Before connecting Python to CockroachDB, ensure you have:

  • Python 3.6 or higher installed
  • CockroachDB cluster running (local or cloud)
  • psycopg2 driver (CockroachDB is PostgreSQL-compatible)
  • Connection details (host, port, database, user, password/certificates)
  • Basic understanding of SQL and distributed systems

Installing Required Libraries

Since CockroachDB is PostgreSQL-compatible, we use psycopg2:

bash

pip install psycopg2-binary

For production, also install:

bash

pip install sqlalchemy cockroachdb-python

Basic Connection to CockroachDB

Local Connection

python

import psycopg2

# Connect to local CockroachDB
connection = psycopg2.connect(
    host='localhost',
    port=26257,
    database='defaultdb',
    user='root',
    sslmode='disable'  # Only for local dev
)

print("Connected to CockroachDB successfully!")

# Get version
cursor = connection.cursor()
cursor.execute("SELECT version()")
version = cursor.fetchone()[0]
print(f"CockroachDB version: {version}")

cursor.close()
connection.close()

Secure Connection with Certificates

python

import psycopg2

# Connect with SSL certificates (production)
connection = psycopg2.connect(
    host='your-cluster.cockroachlabs.cloud',
    port=26257,
    database='your_database',
    user='your_username',
    password='your_password',
    sslmode='verify-full',
    sslrootcert='/path/to/ca.crt'
)

print("Connected to CockroachDB Cloud!")

connection.close()

Connection with Error Handling

python

import psycopg2
from psycopg2 import OperationalError, Error

def create_connection():
    try:
        connection = psycopg2.connect(
            host='localhost',
            port=26257,
            database='company',
            user='root',
            sslmode='disable'
        )
        
        print("Successfully connected to CockroachDB")
        
        # Set default search path
        cursor = connection.cursor()
        cursor.execute("SET search_path = public")
        cursor.close()
        
        return connection
        
    except OperationalError as e:
        print(f"Operational error: {e}")
        return None
    except Error as e:
        print(f"Error connecting: {e}")
        return None

# Usage
conn = create_connection()
if conn:
    conn.close()

Creating Tables

python

import psycopg2

connection = psycopg2.connect(
    host='localhost',
    port=26257,
    database='company',
    user='root',
    sslmode='disable'
)

cursor = connection.cursor()

# Create employees table
create_table_sql = """
CREATE TABLE IF NOT EXISTS employees (
    id UUID PRIMARY KEY DEFAULT gen_random_uuid(),
    first_name STRING NOT NULL,
    last_name STRING NOT NULL,
    email STRING UNIQUE,
    department STRING,
    salary DECIMAL(10, 2),
    hire_date DATE,
    created_at TIMESTAMP DEFAULT now()
)
"""

cursor.execute(create_table_sql)
connection.commit()

print("Table created successfully!")

cursor.close()
connection.close()

Inserting Data

Insert Single Record

python

import psycopg2
from datetime import date

connection = psycopg2.connect(
    host='localhost',
    port=26257,
    database='company',
    user='root',
    sslmode='disable'
)

cursor = connection.cursor()

# Insert single employee
insert_sql = """
INSERT INTO employees (first_name, last_name, email, department, salary, hire_date)
VALUES (%s, %s, %s, %s, %s, %s)
RETURNING id
"""

employee_data = ('John', 'Doe', 'john.doe@company.com', 'Engineering', 75000.00, date.today())
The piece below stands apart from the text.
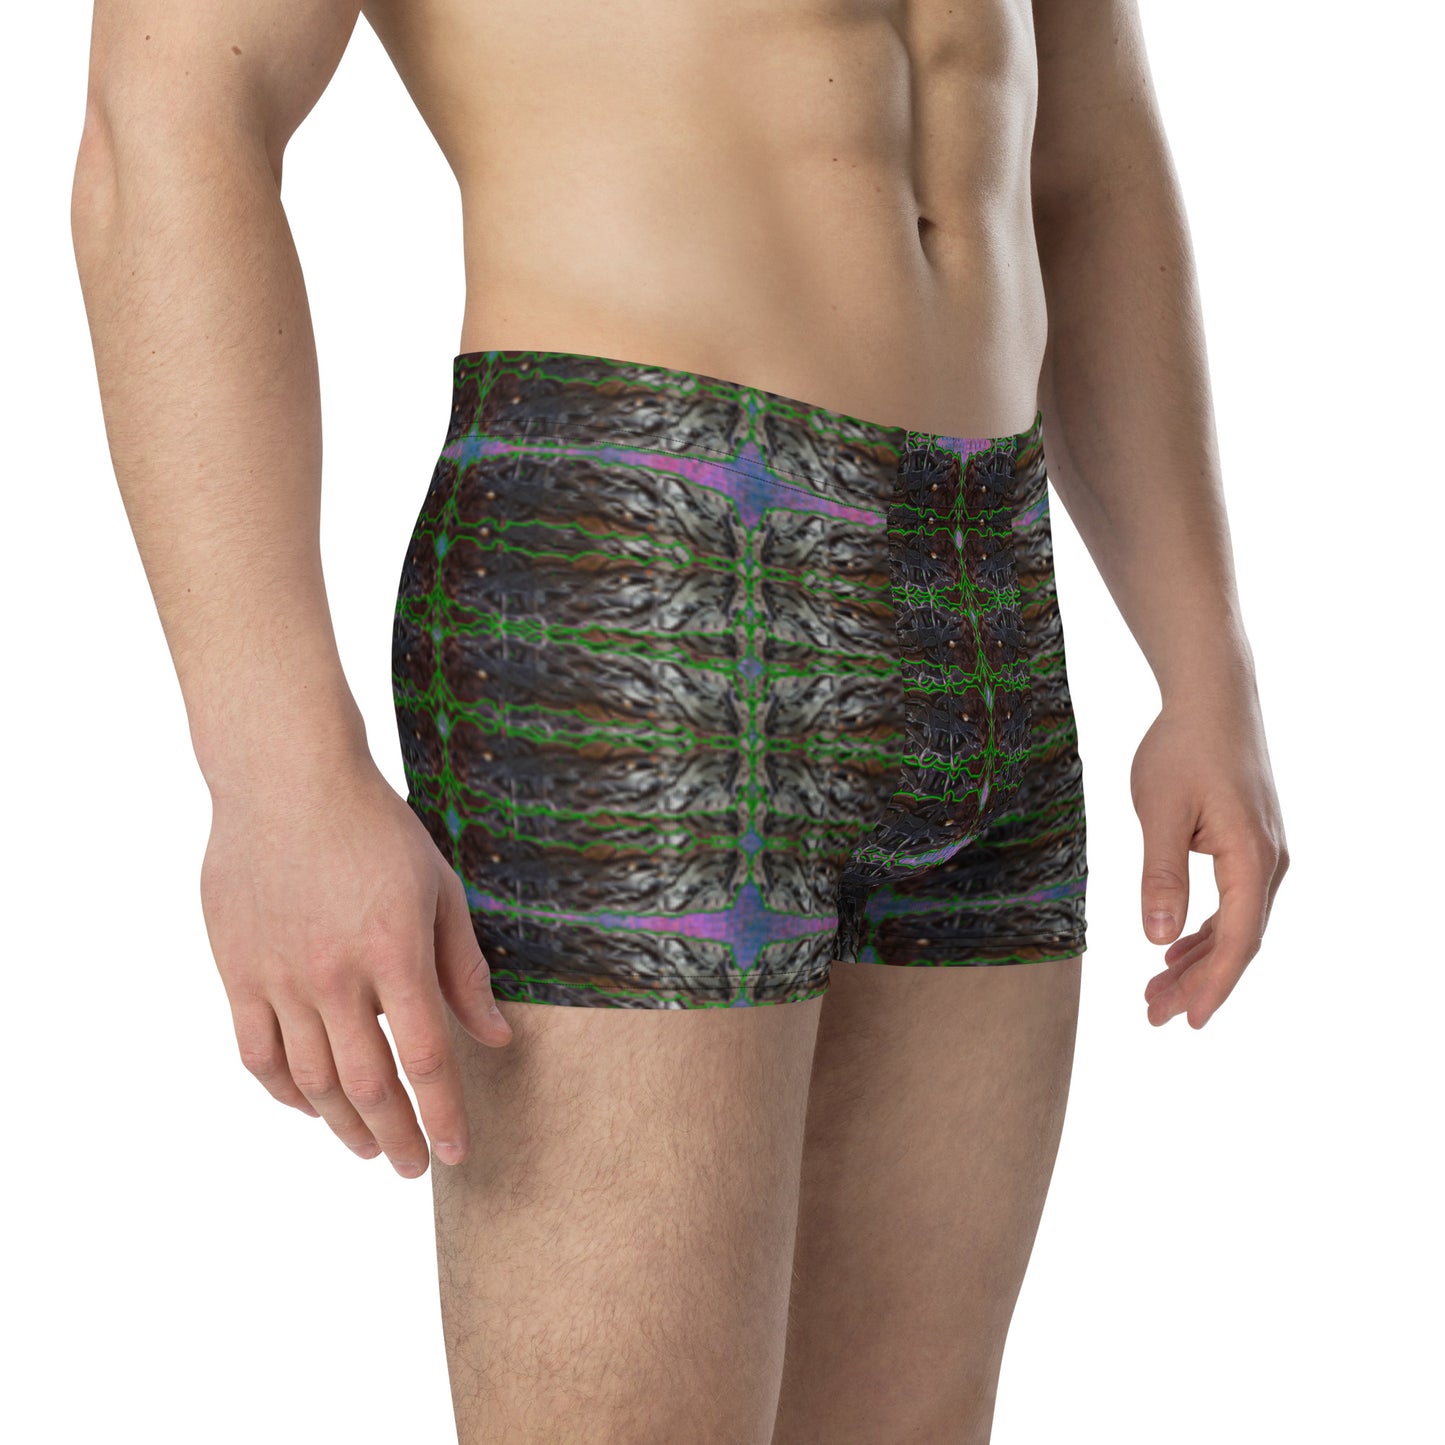 Boxer Briefs (His/They)(Rind#4 Tree Link) RJSTH@Fabric#4 RJSTHW2021 RJS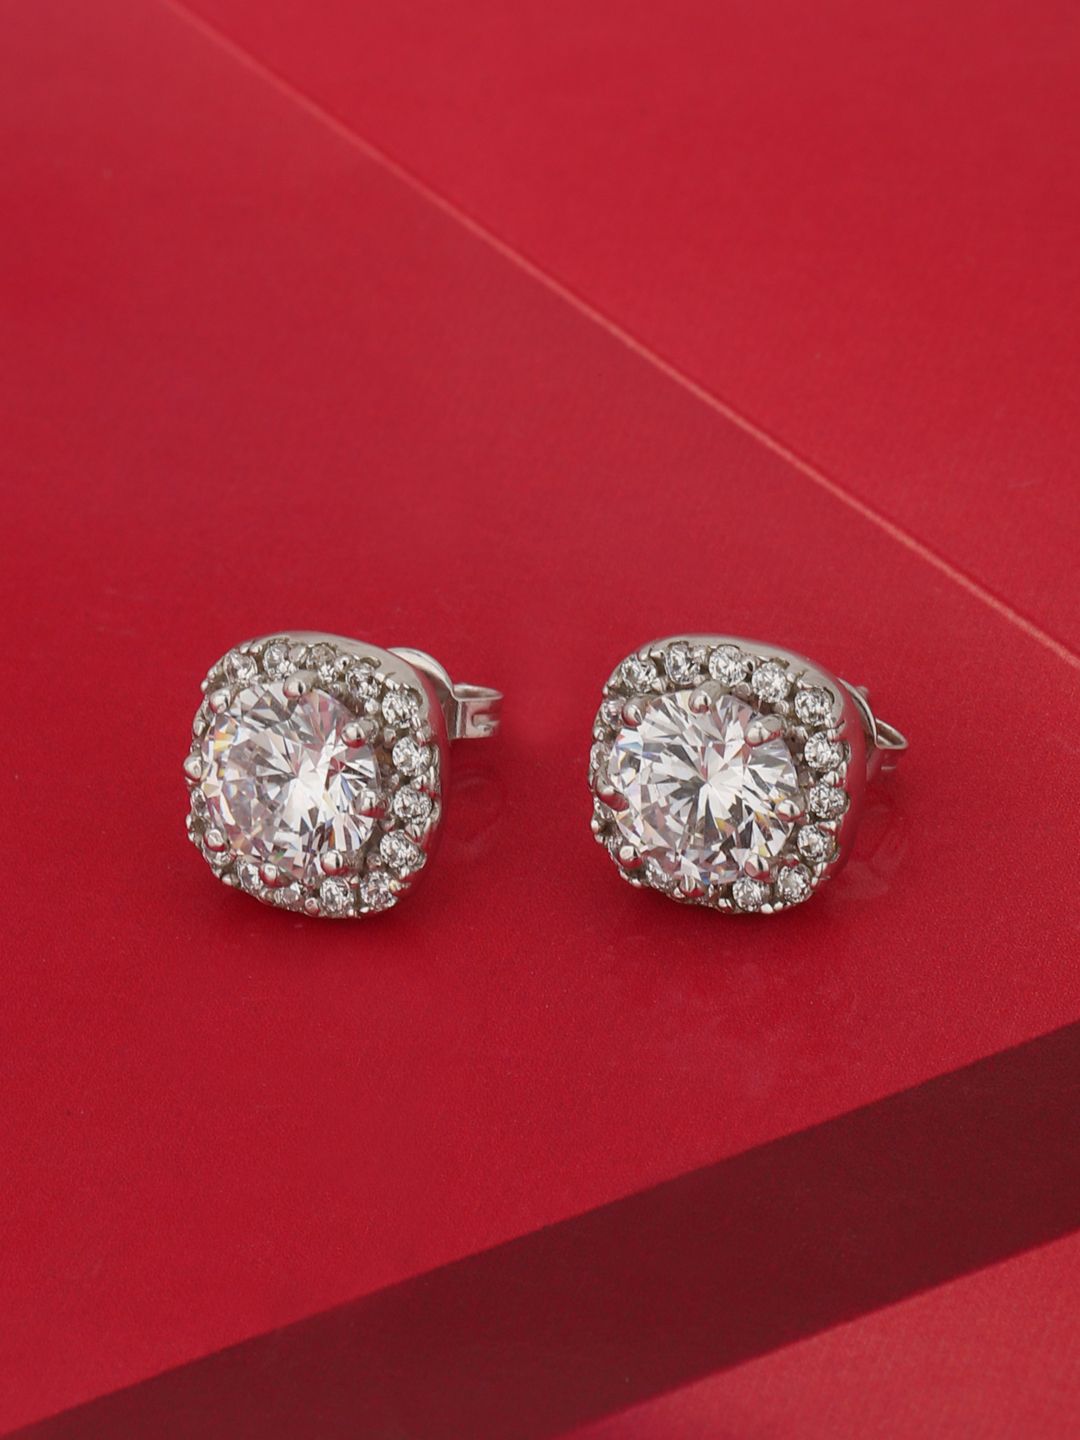 Carlton London Silver-Toned Rhodium-Plated CZ Studded Geometric Studs Price in India

cursor.execute(insert_sql, employee_data)
employee_id = cursor.fetchone()[0]
connection.commit()

print(f"Employee inserted with ID: {employee_id}")

cursor.close()
connection.close()

Bulk Insert with Retry Logic

CockroachDB may require retries for transaction contention:

python

import psycopg2
from psycopg2 import Error
import time

def insert_employees_with_retry(connection, employees_data, max_retries=3):
    for attempt in range(max_retries):
        try:
            cursor = connection.cursor()
            
            insert_sql = """
            INSERT INTO employees (first_name, last_name, email, department, salary)
            VALUES (%s, %s, %s, %s, %s)
            """
            
            cursor.executemany(insert_sql, employees_data)
            connection.commit()
            
            print(f"Successfully inserted {cursor.rowcount} employees")
            cursor.close()
            return True
            
        except Error as e:
            if "40001" in str(e):  # Retry error code
                print(f"Transaction retry needed (attempt {attempt + 1})")
                connection.rollback()
                time.sleep(0.1 * (2 ** attempt))  # Exponential backoff
            else:
                print(f"Error: {e}")
                connection.rollback()
                return False
    
    print("Max retries exceeded")
    return False

# Usage
connection = psycopg2.connect(
    host='localhost',
    port=26257,
    database='company',
    user='root',
    sslmode='disable'
)

employees_data = [
    ('Jane', 'Smith', 'jane@company.com', 'Marketing', 68000.00),
    ('Bob', 'Johnson', 'bob@company.com', 'Sales', 72000.00),
    ('Alice', 'Williams', 'alice@company.com', 'Engineering', 80000.00)
]

insert_employees_with_retry(connection, employees_data)

connection.close()

Querying Data

Basic Queries

python

import psycopg2
from psycopg2.extras import RealDictCursor

connection = psycopg2.connect(
    host='localhost',
    port=26257,
    database='company',
    user='root',
    sslmode='disable'
)

# Use RealDictCursor for dictionary access
cursor = connection.cursor(cursor_factory=RealDictCursor)

# Select all employees
select_sql = "SELECT * FROM employees ORDER BY last_name"
cursor.execute(select_sql)

employees = cursor.fetchall()

print(f"Total employees: {len(employees)}\n")

for emp in employees:
    print(f"Name: {emp['first_name']} {emp['last_name']}, Dept: {emp['department']}")

cursor.close()
connection.close()

Parameterized Queries

python

import psycopg2

connection = psycopg2.connect(
    host='localhost',
    port=26257,
    database='company',
    user='root',
    sslmode='disable'
)

cursor = connection.cursor()

# Query with parameters
select_sql = "SELECT * FROM employees WHERE department = %s AND salary > %s"
cursor.execute(select_sql, ('Engineering', 70000))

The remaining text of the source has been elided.